- _YOUR ASSIGNMENT_
Print out the entries that follow exactly, missing none.

(Records drawn from a dataset)
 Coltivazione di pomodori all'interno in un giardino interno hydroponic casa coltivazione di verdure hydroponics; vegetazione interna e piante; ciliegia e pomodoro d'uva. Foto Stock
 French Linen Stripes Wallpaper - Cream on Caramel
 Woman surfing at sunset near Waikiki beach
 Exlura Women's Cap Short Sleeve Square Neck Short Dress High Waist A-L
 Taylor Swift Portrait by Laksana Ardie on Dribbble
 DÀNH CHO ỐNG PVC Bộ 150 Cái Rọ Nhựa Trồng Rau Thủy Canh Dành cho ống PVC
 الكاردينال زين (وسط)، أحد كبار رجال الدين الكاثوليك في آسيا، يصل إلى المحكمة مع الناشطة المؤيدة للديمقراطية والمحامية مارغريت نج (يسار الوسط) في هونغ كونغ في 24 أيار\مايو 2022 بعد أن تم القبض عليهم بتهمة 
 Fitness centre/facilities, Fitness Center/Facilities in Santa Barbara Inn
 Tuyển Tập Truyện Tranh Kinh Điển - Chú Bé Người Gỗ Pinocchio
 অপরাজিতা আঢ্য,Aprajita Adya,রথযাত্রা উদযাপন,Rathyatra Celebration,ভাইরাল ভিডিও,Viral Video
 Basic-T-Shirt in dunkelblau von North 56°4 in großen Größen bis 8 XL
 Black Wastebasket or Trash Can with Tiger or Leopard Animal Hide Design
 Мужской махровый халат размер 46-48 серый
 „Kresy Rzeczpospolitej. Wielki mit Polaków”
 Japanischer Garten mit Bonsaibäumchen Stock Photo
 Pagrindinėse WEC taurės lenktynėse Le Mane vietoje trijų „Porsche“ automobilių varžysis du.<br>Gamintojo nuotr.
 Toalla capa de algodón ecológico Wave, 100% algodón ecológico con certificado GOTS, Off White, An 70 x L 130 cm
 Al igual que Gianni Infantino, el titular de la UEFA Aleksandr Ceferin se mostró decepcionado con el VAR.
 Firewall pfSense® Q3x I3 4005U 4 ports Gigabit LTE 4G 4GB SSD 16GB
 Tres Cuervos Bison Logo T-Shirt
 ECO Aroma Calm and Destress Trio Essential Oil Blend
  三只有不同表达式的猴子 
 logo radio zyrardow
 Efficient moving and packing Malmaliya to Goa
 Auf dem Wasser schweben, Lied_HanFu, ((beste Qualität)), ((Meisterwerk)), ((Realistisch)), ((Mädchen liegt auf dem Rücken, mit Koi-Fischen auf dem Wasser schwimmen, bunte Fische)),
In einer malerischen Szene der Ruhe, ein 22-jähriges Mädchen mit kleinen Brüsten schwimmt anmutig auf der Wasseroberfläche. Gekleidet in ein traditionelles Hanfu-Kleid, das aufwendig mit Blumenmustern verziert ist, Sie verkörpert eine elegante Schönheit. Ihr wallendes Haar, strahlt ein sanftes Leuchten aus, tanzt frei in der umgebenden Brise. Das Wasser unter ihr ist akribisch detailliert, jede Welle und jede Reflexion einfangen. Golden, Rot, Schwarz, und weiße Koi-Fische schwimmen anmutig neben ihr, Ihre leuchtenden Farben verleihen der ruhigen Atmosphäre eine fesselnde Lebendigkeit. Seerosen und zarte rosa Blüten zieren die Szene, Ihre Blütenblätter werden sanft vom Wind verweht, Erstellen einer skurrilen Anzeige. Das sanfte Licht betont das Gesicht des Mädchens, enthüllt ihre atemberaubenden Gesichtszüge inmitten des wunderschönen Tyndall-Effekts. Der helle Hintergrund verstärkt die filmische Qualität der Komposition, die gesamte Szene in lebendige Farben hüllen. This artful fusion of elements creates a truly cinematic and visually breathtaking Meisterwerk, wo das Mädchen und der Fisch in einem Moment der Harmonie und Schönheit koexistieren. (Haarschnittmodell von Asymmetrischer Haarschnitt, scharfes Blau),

- _SOLUTION FOR THIS TASK_
 Coltivazione di pomodori all'interno in un giardino interno hydroponic casa coltivazione di verdure hydroponics; vegetazione interna e piante; ciliegia e pomodoro d'uva. Foto Stock
 French Linen Stripes Wallpaper - Cream on Caramel
 Woman surfing at sunset near Waikiki beach
 Exlura Women's Cap Short Sleeve Square Neck Short Dress High Waist A-L
 Taylor Swift Portrait by Laksana Ardie on Dribbble
 DÀNH CHO ỐNG PVC Bộ 150 Cái Rọ Nhựa Trồng Rau Thủy Canh Dành cho ống PVC
 الكاردينال زين (وسط)، أحد كبار رجال الدين الكاثوليك في آسيا، يصل إلى المحكمة مع الناشطة المؤيدة للديمقراطية والمحامية مارغريت نج (يسار الوسط) في هونغ كونغ في 24 أيار\مايو 2022 بعد أن تم القبض عليهم بتهمة 
 Fitness centre/facilities, Fitness Center/Facilities in Santa Barbara Inn
 Tuyển Tập Truyện Tranh Kinh Điển - Chú Bé Người Gỗ Pinocchio
 অপরাজিতা আঢ্য,Aprajita Adya,রথযাত্রা উদযাপন,Rathyatra Celebration,ভাইরাল ভিডিও,Viral Video
 Basic-T-Shirt in dunkelblau von North 56°4 in großen Größen bis 8 XL
 Black Wastebasket or Trash Can with Tiger or Leopard Animal Hide Design
 Мужской махровый халат размер 46-48 серый
 „Kresy Rzeczpospolitej. Wielki mit Polaków”
 Japanischer Garten mit Bonsaibäumchen Stock Photo
 Pagrindinėse WEC taurės lenktynėse Le Mane vietoje trijų „Porsche“ automobilių varžysis du.<br>Gamintojo nuotr.
 Toalla capa de algodón ecológico Wave, 100% algodón ecológico con certificado GOTS, Off White, An 70 x L 130 cm
 Al igual que Gianni Infantino, el titular de la UEFA Aleksandr Ceferin se mostró decepcionado con el VAR.
 Firewall pfSense® Q3x I3 4005U 4 ports Gigabit LTE 4G 4GB SSD 16GB
 Tres Cuervos Bison Logo T-Shirt
 ECO Aroma Calm and Destress Trio Essential Oil Blend
  三只有不同表达式的猴子 
 logo radio zyrardow
 Efficient moving and packing Malmaliya to Goa
 Auf dem Wasser schweben, Lied_HanFu, ((beste Qualität)), ((Meisterwerk)), ((Realistisch)), ((Mädchen liegt auf dem Rücken, mit Koi-Fischen auf dem Wasser schwimmen, bunte Fische)),
In einer malerischen Szene der Ruhe, ein 22-jähriges Mädchen mit kleinen Brüsten schwimmt anmutig auf der Wasseroberfläche. Gekleidet in ein traditionelles Hanfu-Kleid, das aufwendig mit Blumenmustern verziert ist, Sie verkörpert eine elegante Schönheit. Ihr wallendes Haar, strahlt ein sanftes Leuchten aus, tanzt frei in der umgebenden Brise. Das Wasser unter ihr ist akribisch detailliert, jede Welle und jede Reflexion einfangen. Golden, Rot, Schwarz, und weiße Koi-Fische schwimmen anmutig neben ihr, Ihre leuchtenden Farben verleihen der ruhigen Atmosphäre eine fesselnde Lebendigkeit. Seerosen und zarte rosa Blüten zieren die Szene, Ihre Blütenblätter werden sanft vom Wind verweht, Erstellen einer skurrilen Anzeige. Das sanfte Licht betont das Gesicht des Mädchens, enthüllt ihre atemberaubenden Gesichtszüge inmitten des wunderschönen Tyndall-Effekts. Der helle Hintergrund verstärkt die filmische Qualität der Komposition, die gesamte Szene in lebendige Farben hüllen. This artful fusion of elements creates a truly cinematic and visually breathtaking Meisterwerk, wo das Mädchen und der Fisch in einem Moment der Harmonie und Schönheit koexistieren. (Haarschnittmodell von Asymmetrischer Haarschnitt, scharfes Blau),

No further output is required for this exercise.